Iraq's media regulator warned news organisations on Thursday to stick to the government line on the U.S.-led offensive in Falluja or face legal action. Invoking a 60-day state of emergency declared by Iraq's interim government ahead of the assault that began on Monday, Iraq's Media High Commission urged media to distinguish between insurgents and ordinary residents of the Sunni Muslim city.

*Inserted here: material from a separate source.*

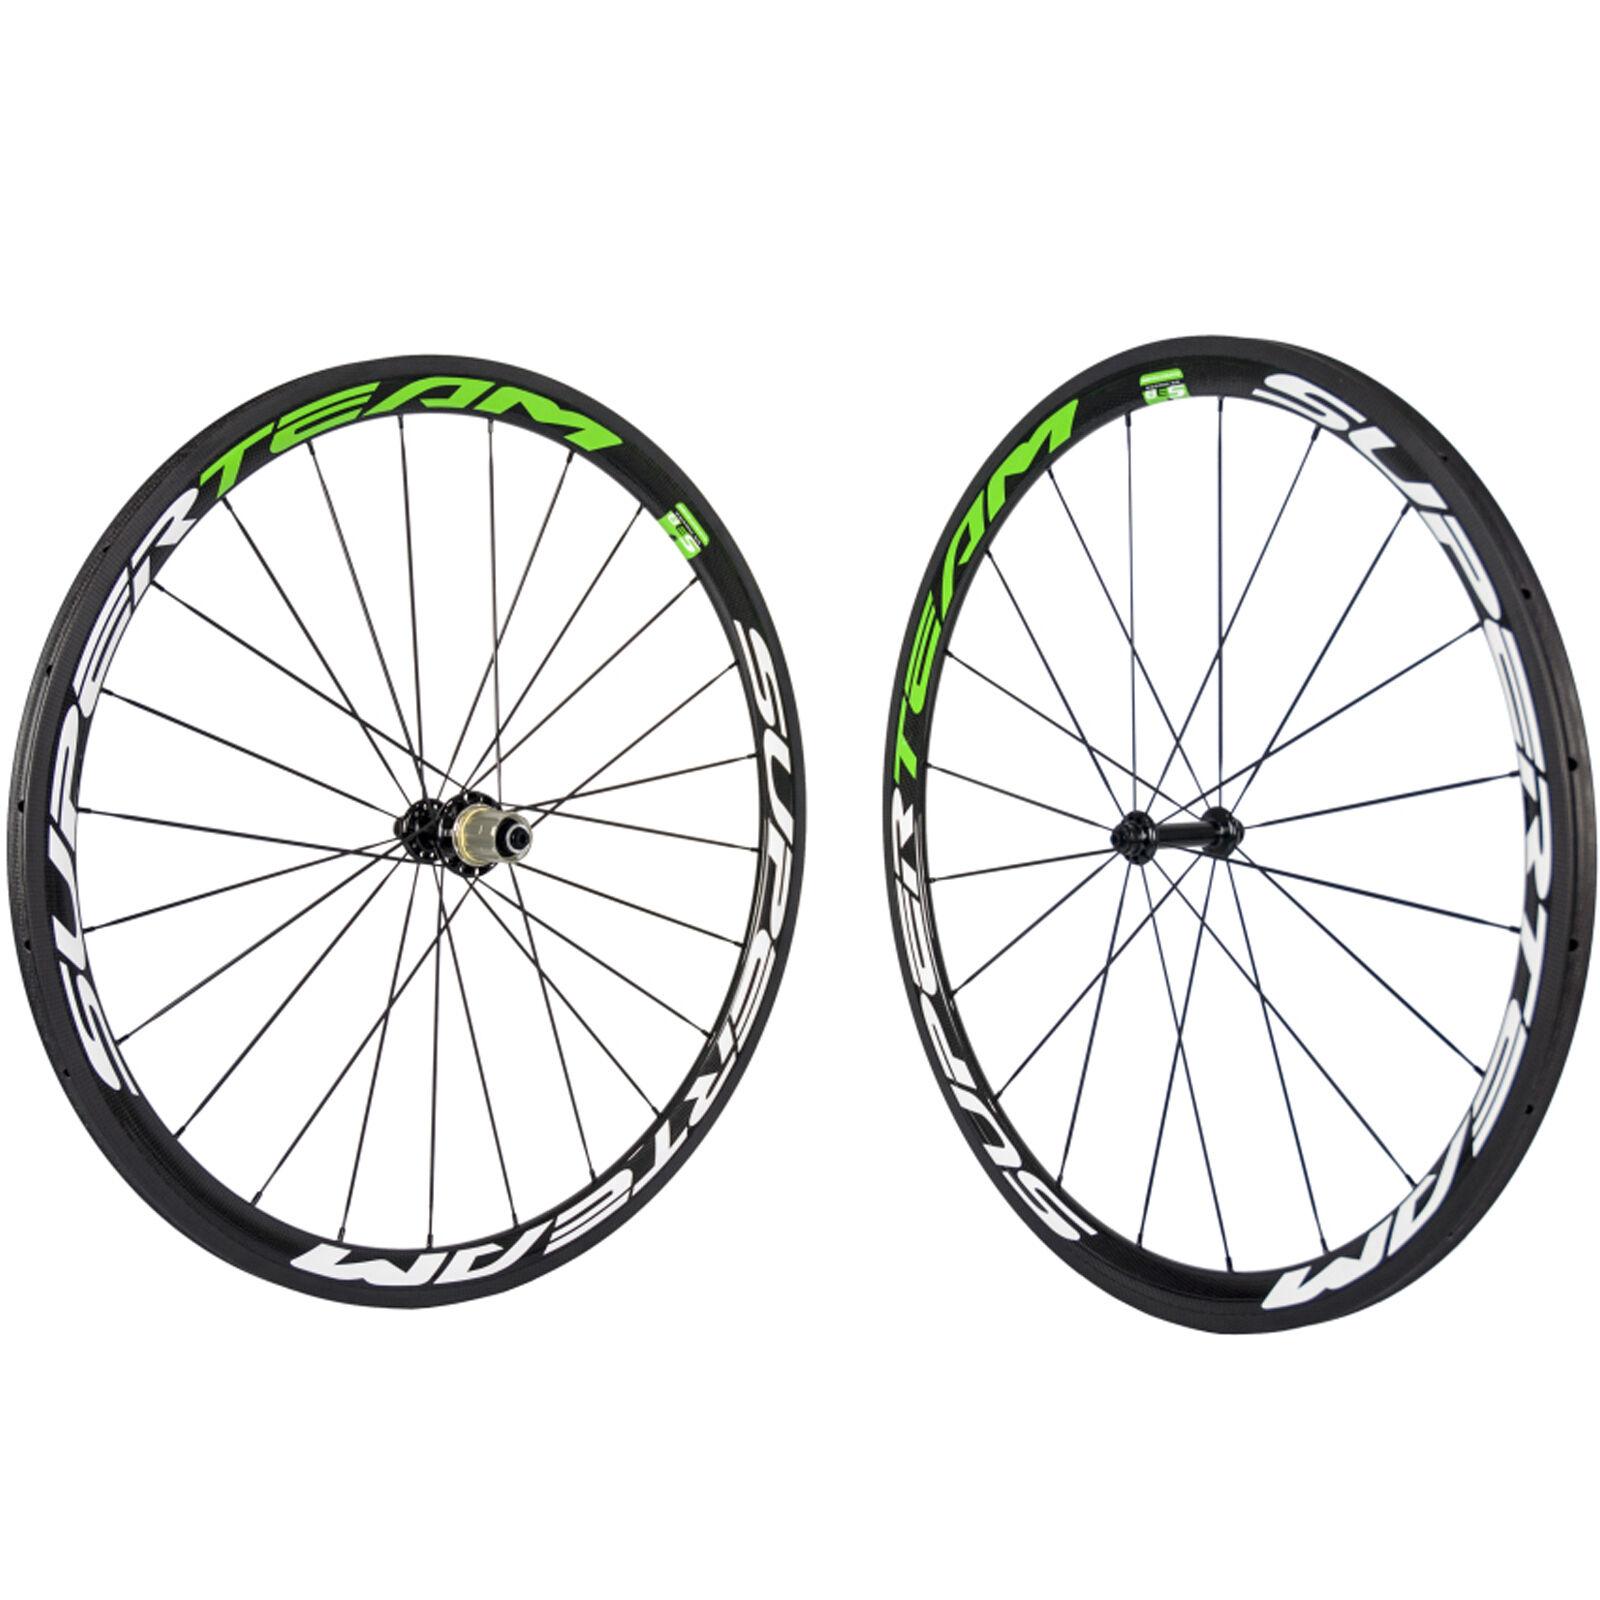 1 Set Of Road Bike Tubular Carbon Wheels R39 Glossy 38mm Carbon Bicycle Wheelset

The authority, set up by the former U.S. governor of Iraq, is intended to be independent of the government to encourage investment in the media and deter state meddling after decades of strict control under Saddam Hussein. The commission statement sent to Reuters on Thursday bore the letterhead of the Iraqi prime minister's office. It said all media organisations operating in Iraq should "differentiate between the innocent Falluja residents who are not targeted by military operations and terrorist groups that infiltrated the city and held its people hostage under the pretext of resistance and jihad".

It said news organisations should "guide correspondents in Falluja ... not to promote unrealistic positions or project nationalist tags on terrorist gangs of criminals and killers". It also asked media to "set aside space in your news coverage to make the position of the Iraqi government, which expresses the aspirations of most Iraqis, clear".

"We hope you comply ... otherwise we regret we will be forced to take all the legal measures to guarantee higher national interests," the statement said, without elaborating. The state of emergency, which covers all of Iraq except the Kurdish north, gives the prime minister extra powers to try to crush the insurgency ahead of elections due in January.

The media commission has not previously issued a call for media to take a certain line and it was not clear what provoked Thursday's statement. But some media organisations have in the past fallen foul of Iraq's interim government, which officially took over sovereignty in June. Al Jazeera said in August it had been asked to close its Baghdad office for one month for backing "criminals and gangsters" by airing parts of videotapes from groups claiming to have seized or killed foreign hostages. A month later it said that ban had been extended indefinitely. Until Saddam's fall last year, an Information Ministry ran a state news agency, radio and television, its employees staffed the newspapers, and its "minders" kept foreign journalists on a tight rein.

Newspapers, magazines and radio stations have mushroomed since Saddam's fall and operate without any official license.